Hope I don't come off as combative but you don't know what you're talking about. Kickstarter/Patreon do not allow LLCs (acronym may vary based on country but the concept is the same--an entity to limit liability) on their platform. This is for very good reasons. You're trying to compare separate legal entities in ways that aren't comparable. Kickstarter/Patreon witholding money from a "sole proprietor" vs Idol witholding money from a contractor are completely different. Also the size of the companies and their ability to deal with reversing payments is different.
Just as an example, let's create a simplified """donothon""":
- 5 donors
- 5 tiers of Dono promises
- The promises are from $1/$10/$100/$1,000/$10,000
- The actual promises don't matter, you can make them up
- One person donates $1, second donates $10, third $100, fourth $1,000, last $10,0000
- Total donated is $11,111
- 3/5 promises get delivered and the talent leaves/dies/terminated/whatever
How do you refund the money?
40% back to each donor? What if it was the promises that the $10k/$1k/$100 guys donated to that were delivered? How do you handle that?
Is it 40% to each donor, or 40% back each indiviudal donor?

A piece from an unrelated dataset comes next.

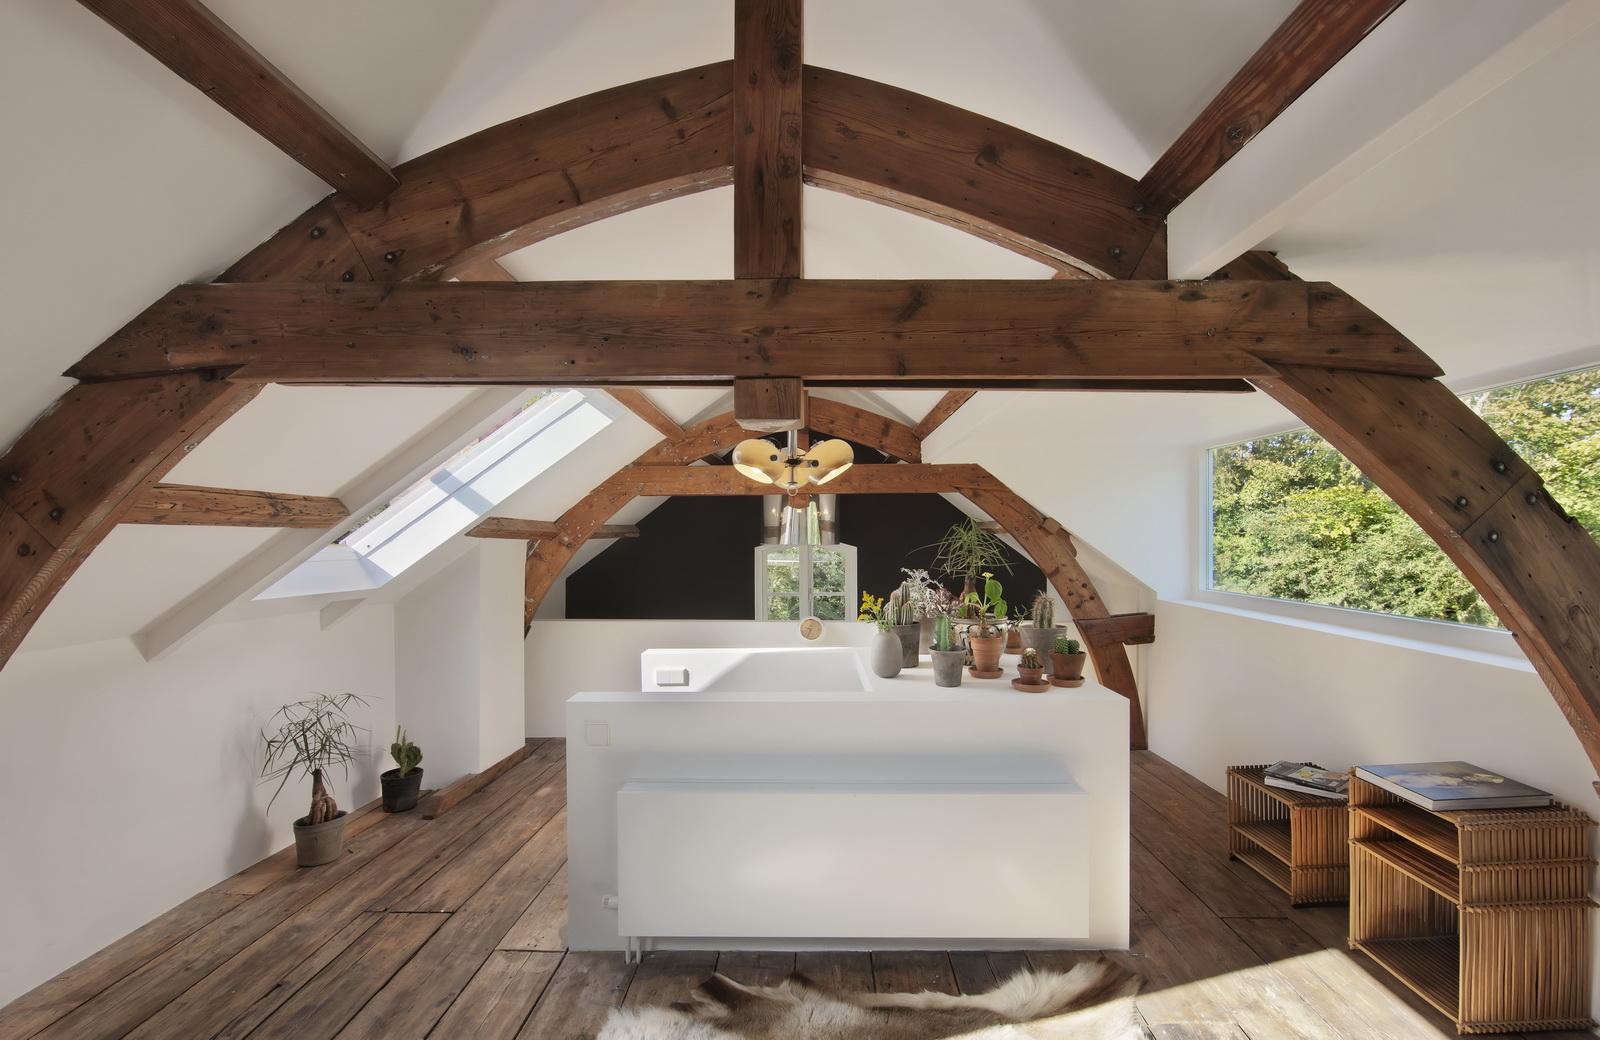 20 soffitti con travi a vista, uno diverso dall'altro - living ... - Camere Da Letto Con Travi A Vista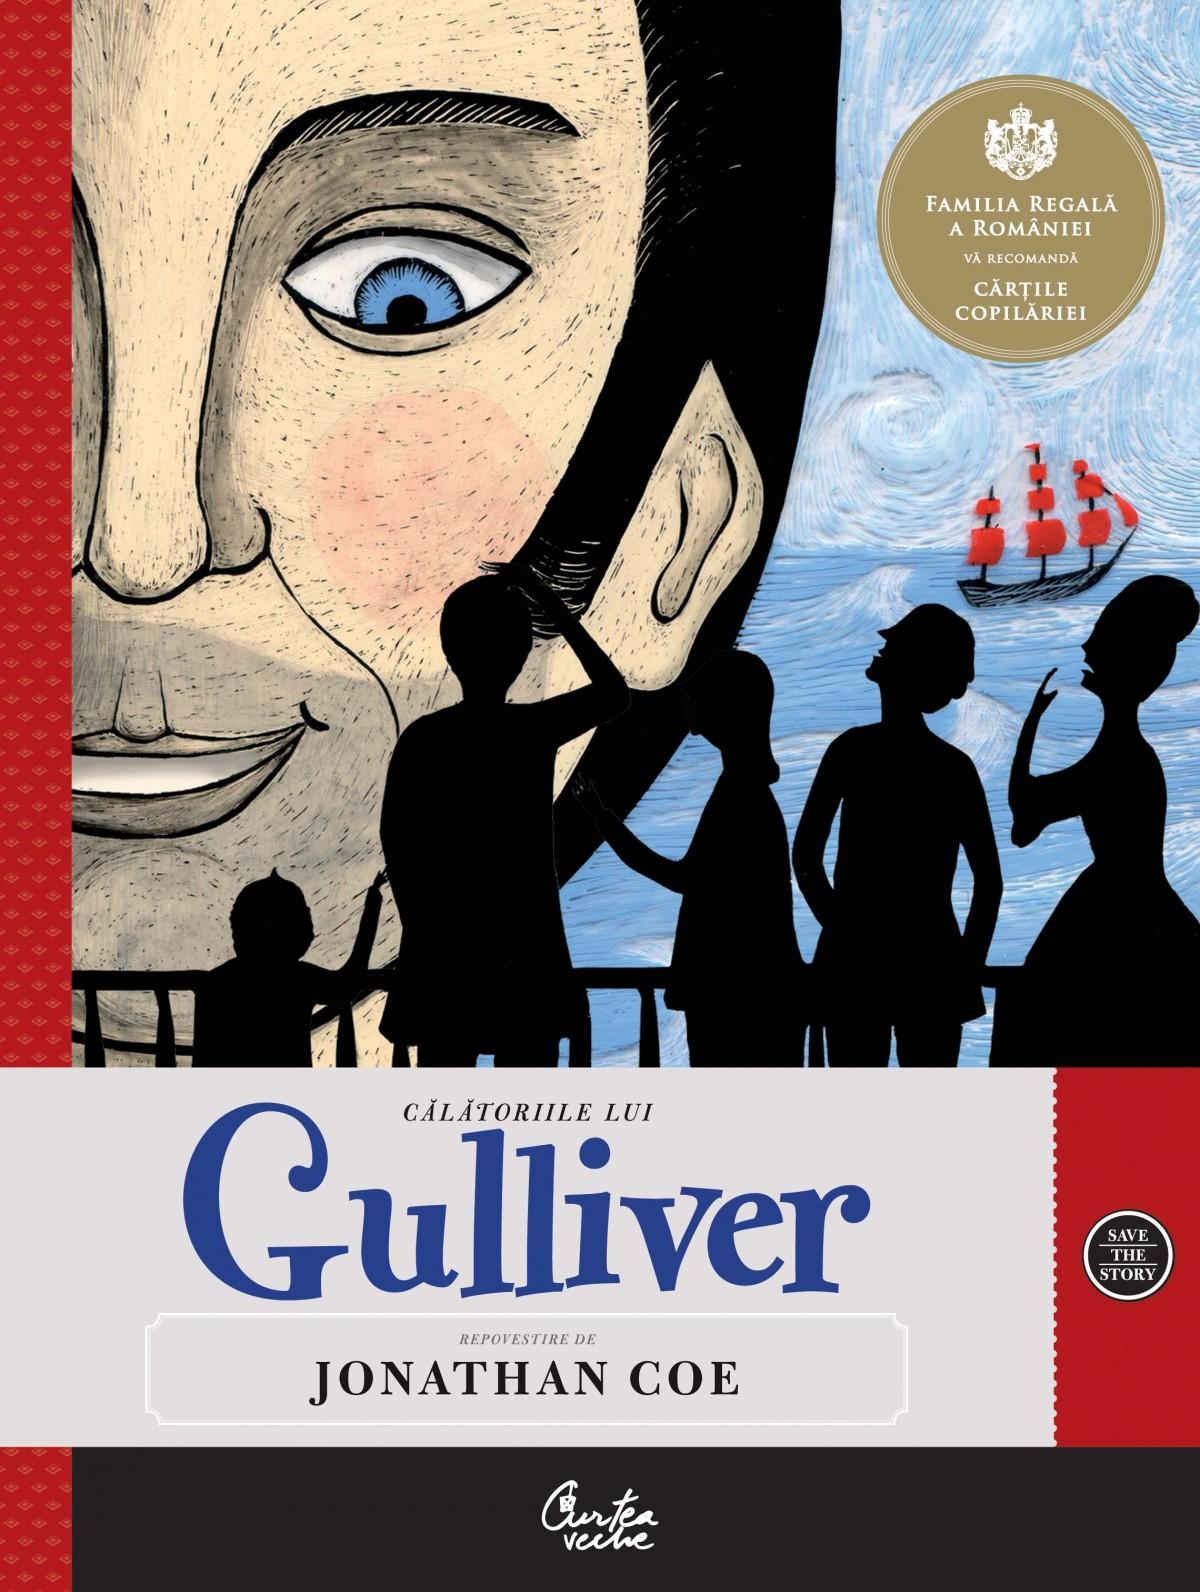 Călătoriile lui Gulliver (Repovestire de Jonathan Coe după romanul lui Jonathan Swift)

This is why if you have a brain you don't do donothons. The way 99% of financial transactions in the professional world work are that some work is done and then afterwards you bill for that work. At best you have something like a retainer payment. Outside of that you would have extremely large highly legalized contracts for things such as multi-billion dollar investments for things such as factories or other capex heavy investments.
I think I'm going into too much autism by this point but maybe someone finds it useful.